Supported Data Types
Stoolap supports the following data types:
INTEGER
64-bit signed integer values:
-- Column definition
CREATE TABLE example (
id INTEGER PRIMARY KEY,
count INTEGER,
large_number INTEGER
);
-- Example values
INSERT INTO example VALUES (1, 42, 9223372036854775807); -- Max int64
INSERT INTO example VALUES (2, -100, -9223372036854775808); -- Min int64
Features:
- Full range of 64-bit integer values
- Support for PRIMARY KEY constraint
- Auto-increment support
FLOAT
64-bit floating-point numbers:
-- Column definition
CREATE TABLE example (
id INTEGER PRIMARY KEY,
price FLOAT,
temperature FLOAT
);
-- Example values
INSERT INTO example VALUES (1, 99.99, -273.15);
INSERT INTO example VALUES (2, 3.14159265359, 1.7976931348623157e+308); -- Max float64
Features:
- Full range of 64-bit floating-point values
- Support for scientific notation
TEXT
UTF-8 encoded string values:
-- Column definition
CREATE TABLE example (
id INTEGER PRIMARY KEY,
name TEXT,
description TEXT
);
-- Example values
INSERT INTO example VALUES (1, 'Simple text', 'This is a longer description');
INSERT INTO example VALUES (2, 'Unicode: こんにちは', 'Special chars: !@#$%^&*()');
Features:
- UTF-8 encoding
- No practical length limit (constrained by available memory)

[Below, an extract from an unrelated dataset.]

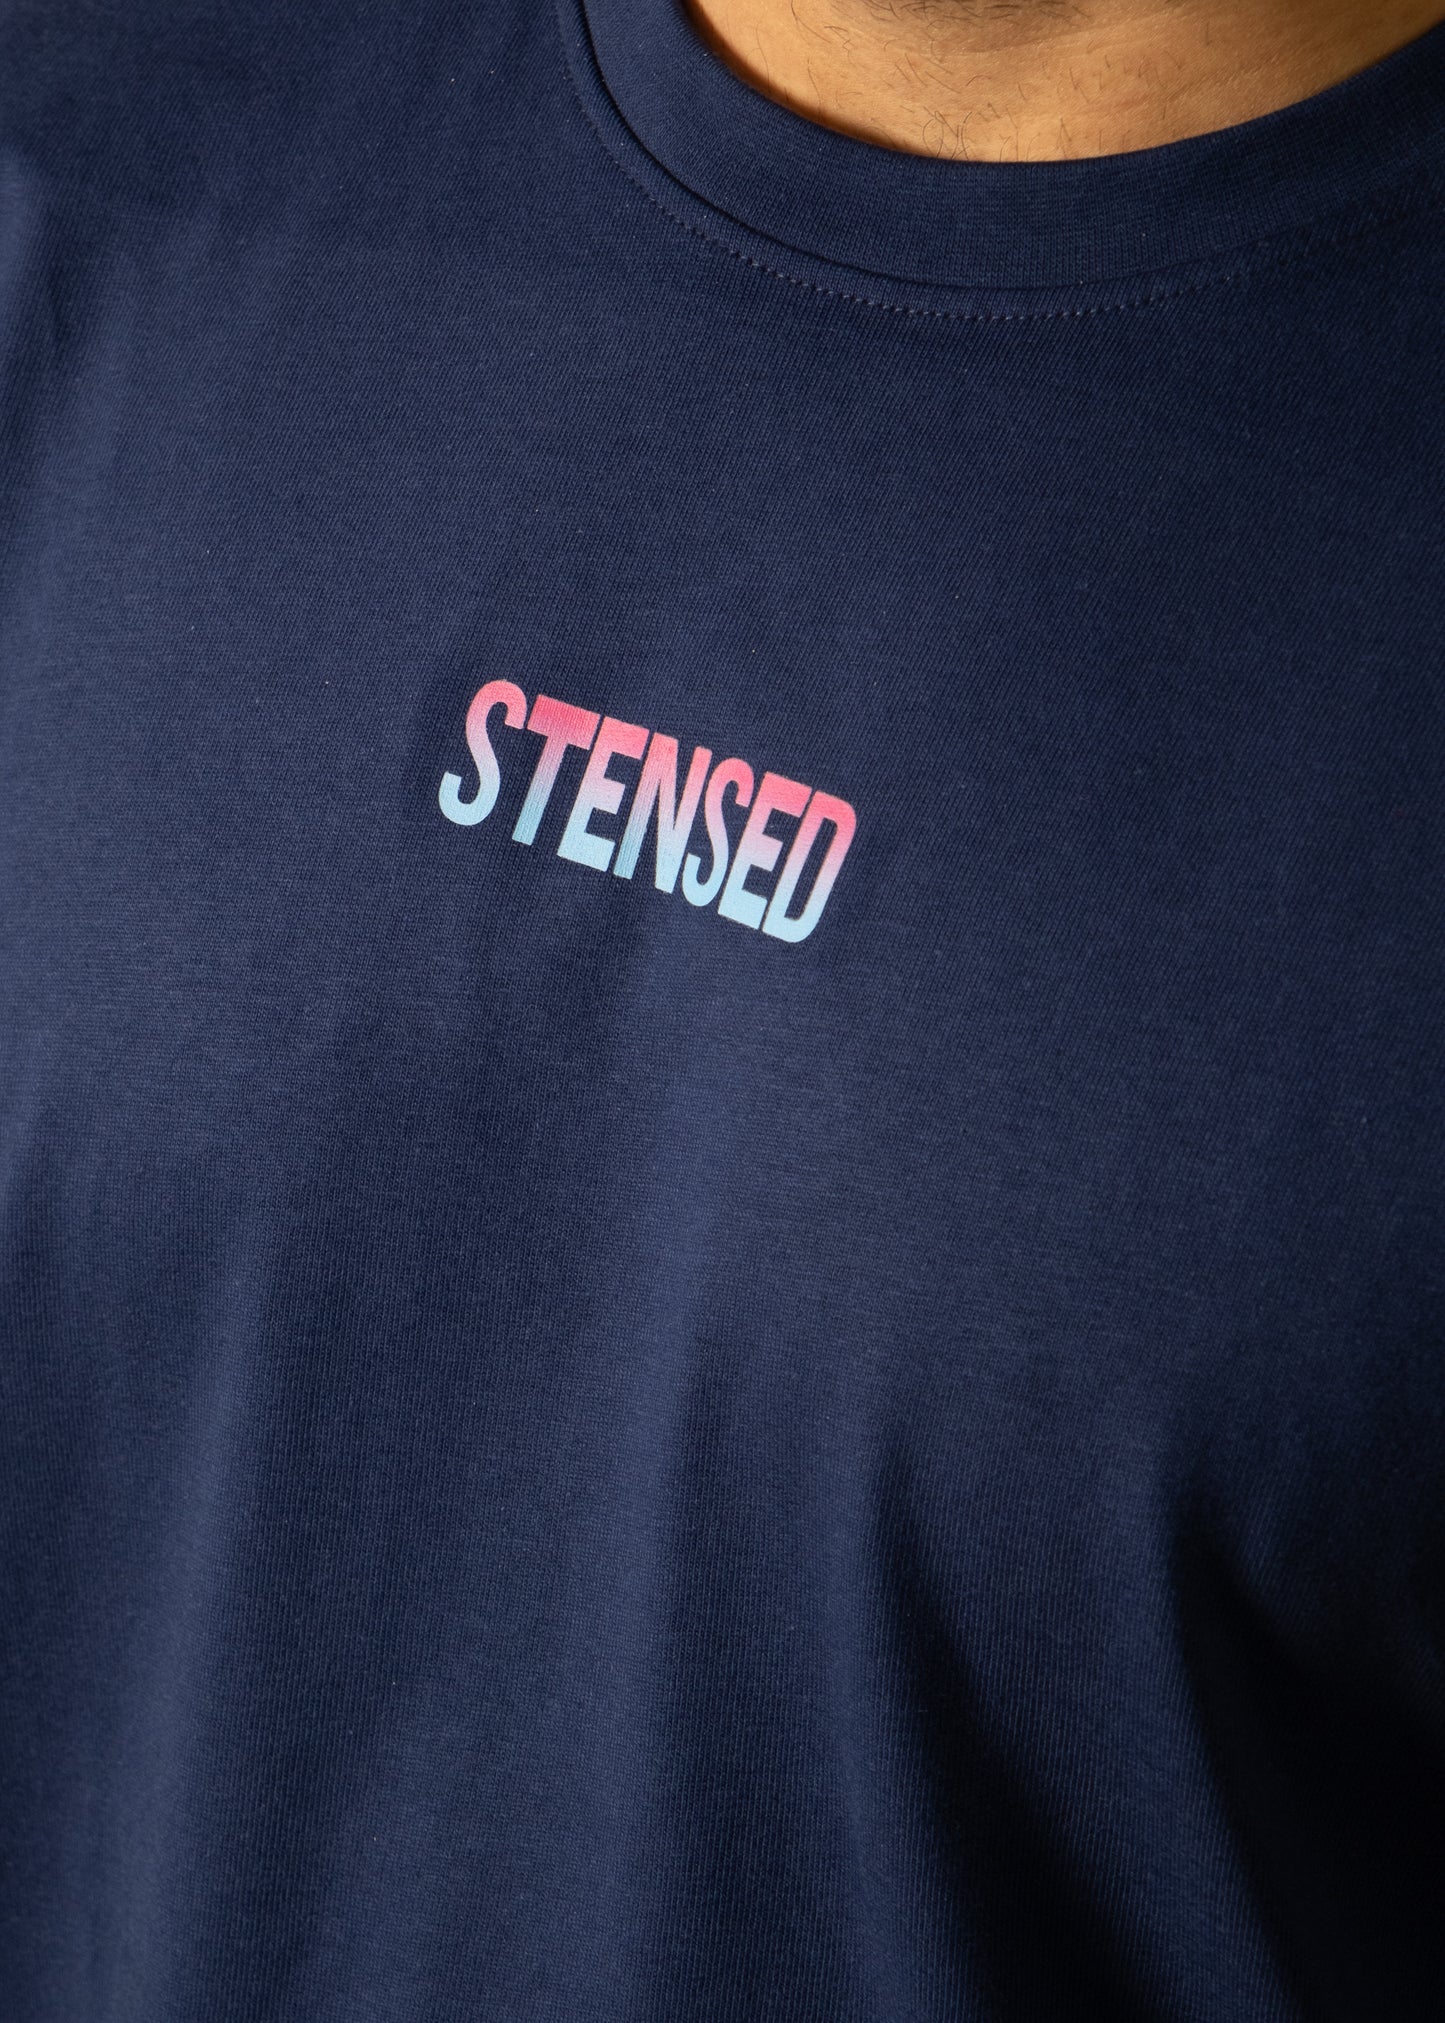 T-shirt STENSED WZA Édition limitée

- Support for quotes and special characters
BOOLEAN
Boolean true/false values:
-- Column definition
CREATE TABLE example (
id INTEGER PRIMARY KEY,
is_active BOOLEAN,
is_deleted BOOLEAN
);
-- Example values
INSERT INTO example VALUES (1, true, false);
INSERT INTO example VALUES (2, FALSE, TRUE); -- Case-insensitive
Features:
- Case-insensitive
TRUE/FALSEliterals - Conversion to/from integers (1 = true, 0 = false)
TIMESTAMP
Date and time values:
-- Column definition
CREATE TABLE example (
id INTEGER PRIMARY KEY,
created_at TIMESTAMP,
updated_at TIMESTAMP
);
-- Example values
INSERT INTO example VALUES (1, '2023-01-01 12:00:00', '2023-01-02T15:30:45');
INSERT INTO example VALUES (2, CURRENT_TIMESTAMP, NULL);
Features:
- ISO 8601 compatible format
- Support for date and time components
NOW()andCURRENT_TIMESTAMPfunctions for current time- Date and time functions (
DATE_TRUNC(),TIME_TRUNC()) as shown in tests
JSON
JSON-formatted data:
-- Column definition
CREATE TABLE example (
id INTEGER PRIMARY KEY,
data JSON
);
-- Example values
INSERT INTO example VALUES (1, '{"name": "John", "age": 30}');
INSERT INTO example VALUES (2, '[1, 2, 3, 4, 5]');
INSERT INTO example VALUES (3, '{"nested": {"a": 1, "b": 2}, "array": [1, 2, 3]}');
Features:
- Support for JSON objects and arrays
- Nested structures
- Validation of JSON syntax on insert
- Basic equality comparison
- More details in the dedicated JSON Support documentation
VECTOR
Fixed-dimension floating-point vectors for similarity search:
-- Column definition with dimension count
CREATE TABLE embeddings (
id INTEGER PRIMARY KEY,
content TEXT,
embedding VECTOR(384)
);
-- Example values (bracket-delimited float arrays)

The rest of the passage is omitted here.